The HBO Chapter — and How It Ended

The version most fans know today is the HBO series that debuted in 2016, created by Jonathan Nolan and Lisa Joy. It set a record as the most-watched first season of any original series in HBO’s history, with a star-studded cast that included Evan Rachel Wood, Thandiwe Newton, Jeffrey Wright, Ed Harris, Anthony Hopkins, James Marsden, and Luke Hemsworth. Over four seasons, the show expanded far beyond the original park — introducing Shōgunworld, Warworld, and eventually the futuristic real world — winning nine Emmy Awards from 54 nominations along the way.

But viewership dropped by over 80% between Season 1 and Season 4. When the fourth season wrapped in 2022, plans for a fifth and final season — one that would have concluded the overarching story — were scrapped. HBO canceled the show. And then, in a move that still stings for devoted fans, Warner Bros. quietly pulled the entire series from its streaming platform. You can buy it digitally or on physical media. That’s it.

Which makes the timing of this announcement feel complicated. Warner Bros. won’t let you stream the show it already made, but it’s ready to build the park again from scratch.

What to Expect From the Reboot

There’s no confirmation yet on whether the new film will connect to the HBO series or ignore it entirely.
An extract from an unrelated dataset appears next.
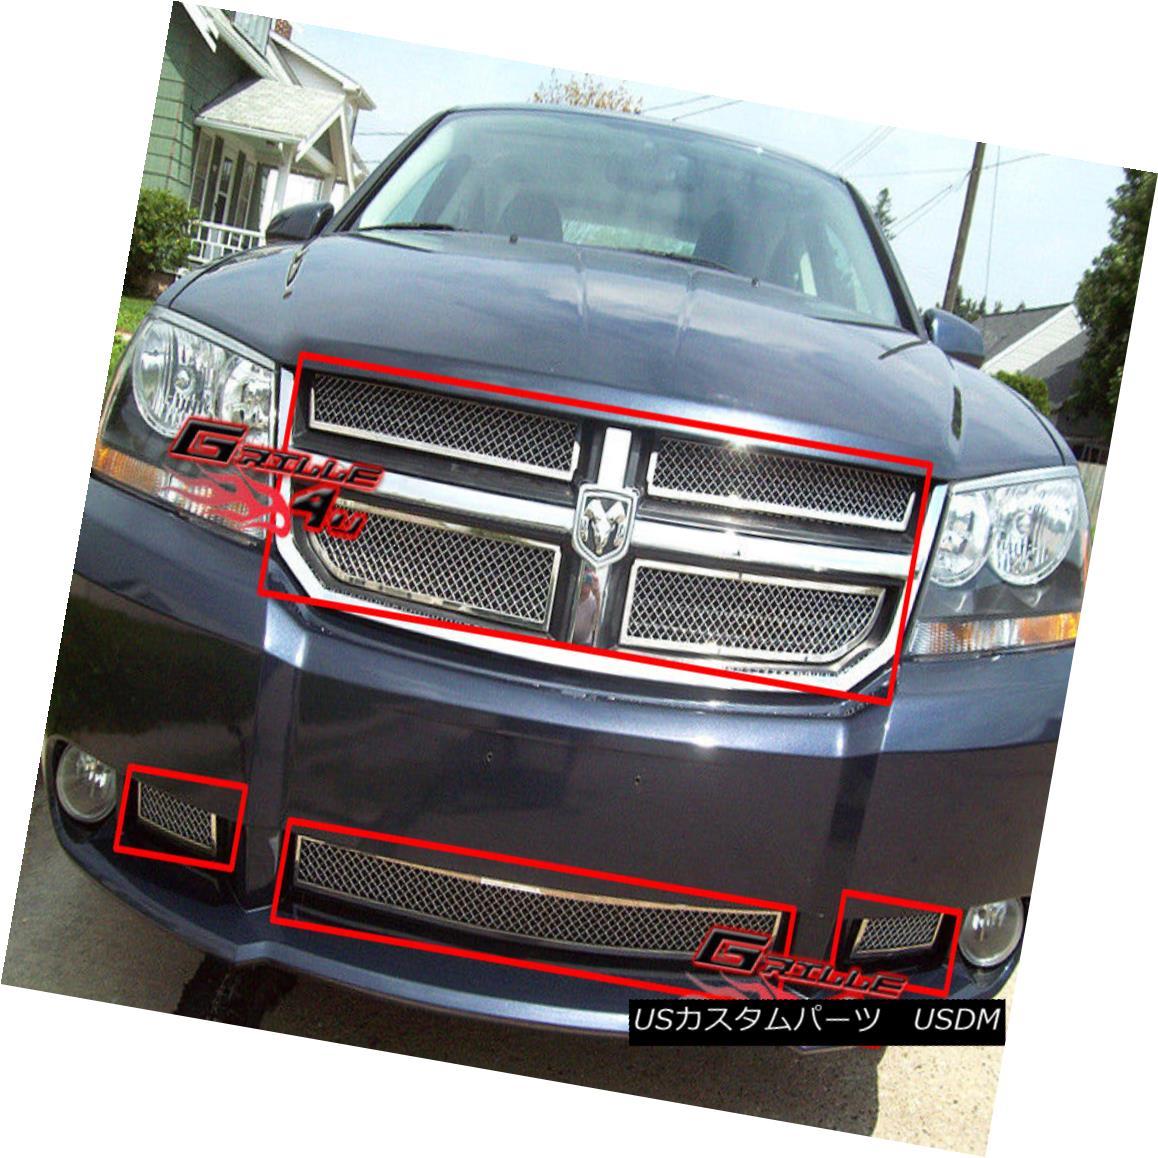 グリル Fits 2007-2010 Dodge Avenger Stainless Mesh Grille Combo 2007-2010 Dodge Avengerステンレスメッシュグリルコンボに適合

The expectation, based on everything reported so far, is that this will be a fresh start — a new take on Crichton’s original premise rather than any kind of continuation or closure for what Nolan and Joy left unfinished.

There’s also a bigger business context to keep in mind: Warner Bros. is currently in the process of being sold to Paramount Skydance, which could shake up the studio’s entire development slate before this project gets much further along.

No release date has been set. But with Koepp at the keyboard and one of the most conceptually durable sci-fi premises in Hollywood history as his source material, the park has real potential — assuming, this time, they let the story actually finish.